Matt Jones of BERG and I organized a couple of hours of conversations around the design of objects at Microsoft's Social Computing Symposium this year. I gave a 15 minute presentation on my thoughts on the future of the design of objects in light of ubiquitous computing.
Here it is on Slideshare:
Here it is on Scribd:
Life in the Pre-Pre-Cambrian: a presentation for the MS Social Computing Symposium
And you can download it as a PDF.
Here is the transcript:
Good afternoon. Thank you for inviting me.
First, let me tell you a bit about myself. I'm a user experience designer and entrepreneur. I was one of the first professional Web designers in 1993. Since then I've worked on the user experience design of hundreds of web sites. I also consult on the design of digital consumer products, and I've helped a number of consumer electronics and appliance manufacturers create better user experiences and more user centered design cultures.
In 2003 I wrote a how-to book of user research methods for technology design. It has proven to be somewhat popular, as such books go.
Around the same time as I was writing that book, I co-founded a design and consulting company called Adaptive Path.
I wanted to get more hands-on with technology development, so in 2006 I founded ThingM with Tod E. Kurt.
We're a micro-OEM. We design and manufactures a range of smart LEDs for architects, industrial designers and hackers. These LEDs reduce the cost of including RGB light into projects from days to minutes, they've been somewhat successful as such niche components go.
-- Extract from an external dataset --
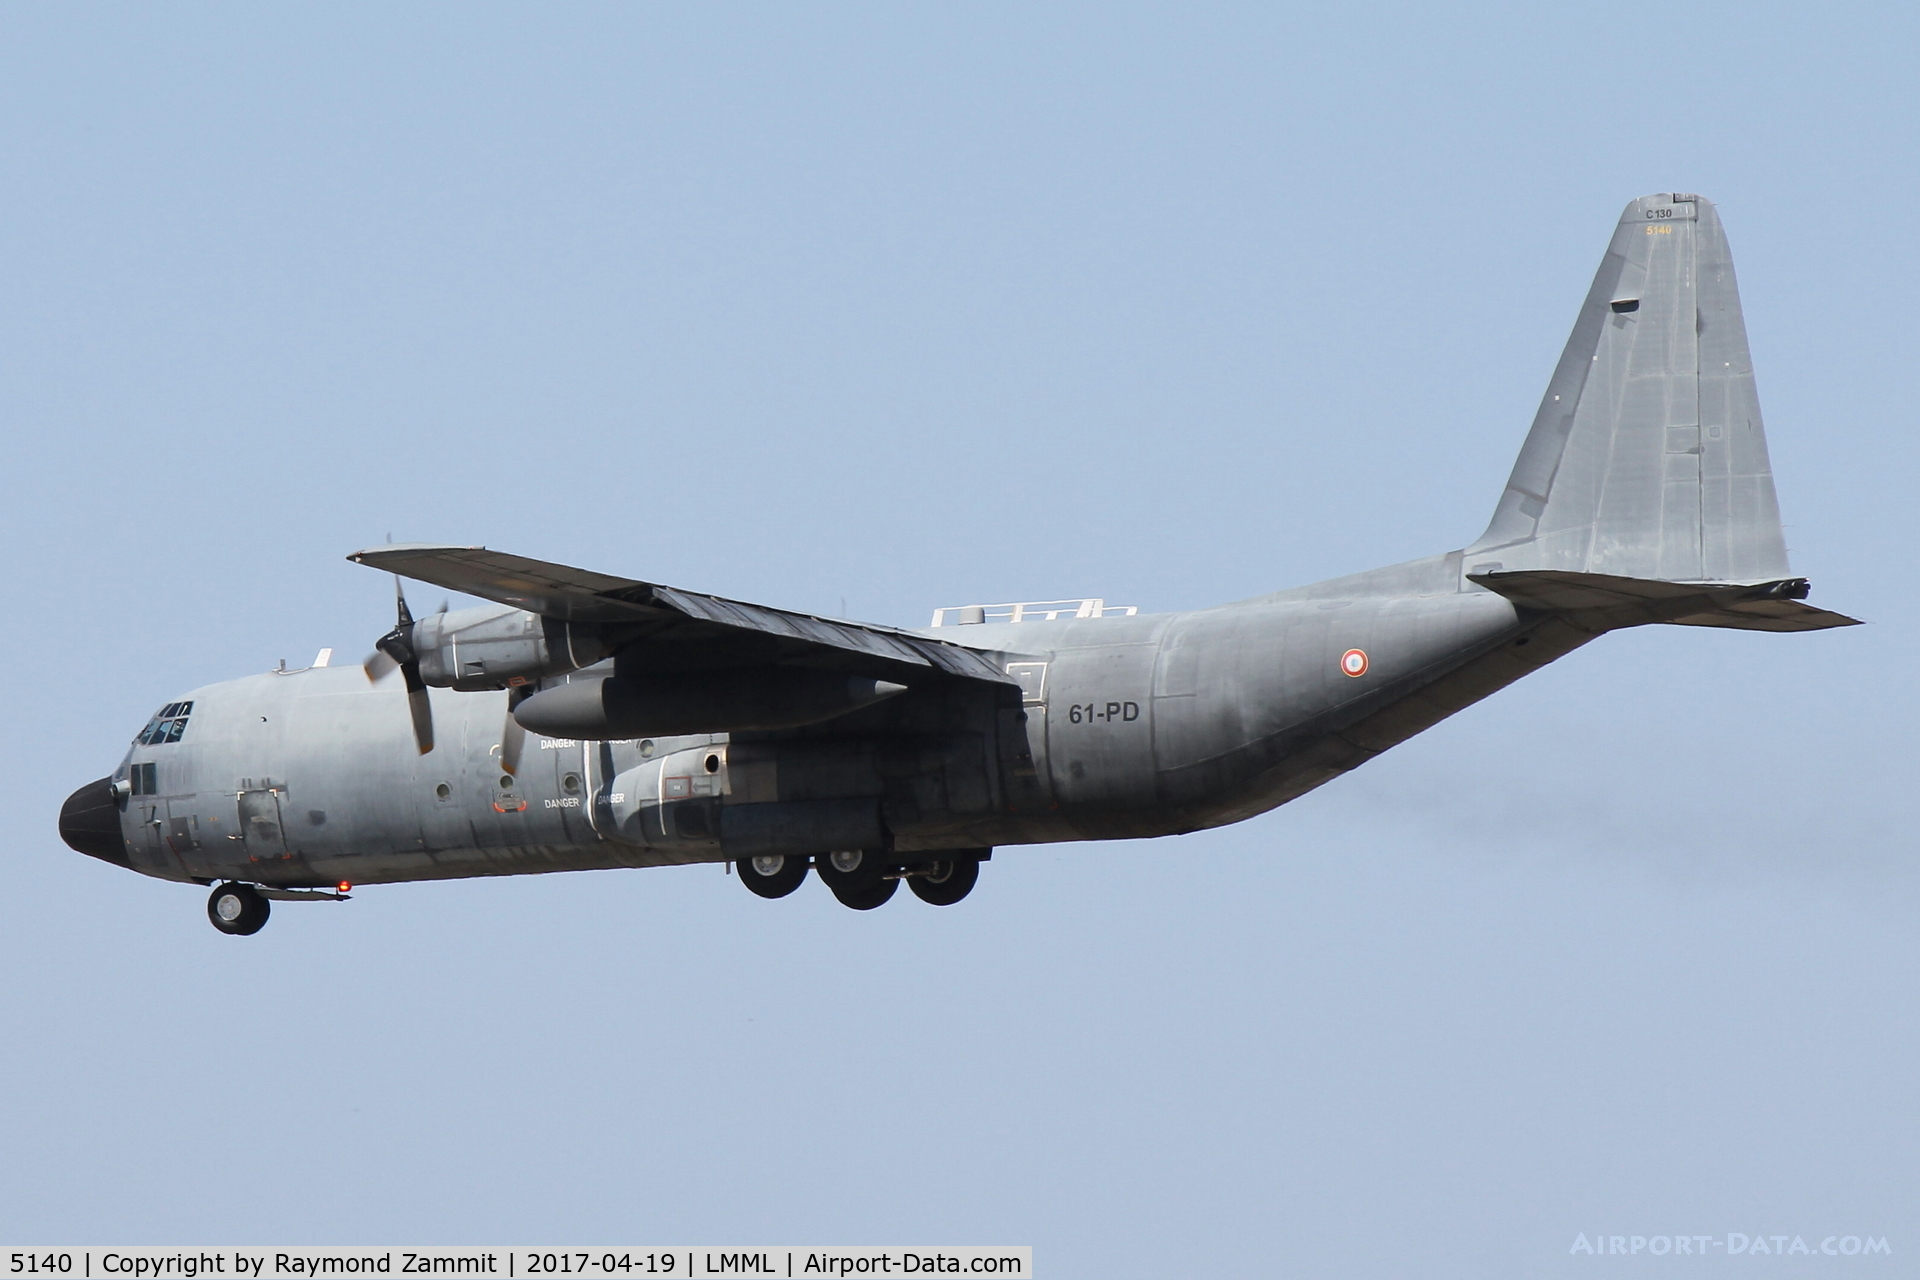 5140, 1988 Lockheed C-130H Hercules C/N 382-5140, Lockheed C-130H Hercules 5140/61-PD French Air Force

It has been quite exciting to design both the user experience of a component and a company.
I also organize an annual event called Sketching in Hardware, sometimes with Matt here as cohost, on the development of electronic hardware toolkits for non-engineers. In the five years we've held the event I believe we've had a significant part in lowering the barriers to entry into hardware development for designers, artists and students. Just last month Fred Martin, one of the participants last year, brought a group of Indian students from knowing nothing about hardware to building functioning robots in under a week using Arduinos and the other tools he picked up at Sketching.
Crowdlight is my newest venture, founded a couple of months ago, again with Tod Kurt and now with Ashwin Gulati. This is another hardware startup that we are bootstrapping through ThingM. I am very excited about it, but I can't talk about it in public. Talk to me offline if you'd like to hear about it.
I also recently wrote a book called "Smart Things". In the book, I describe an approach for designing digital devices that combine software, hardware, physical and virtual components. I have some copies here. Please feel free to leaf through them, and if you like it, keep it.
I'm not a social scientist or someone who has designed much social software, so I decided to take the opportunity of this invitation to think a little bit about how the design of devices changes as the number of devices a person has grows.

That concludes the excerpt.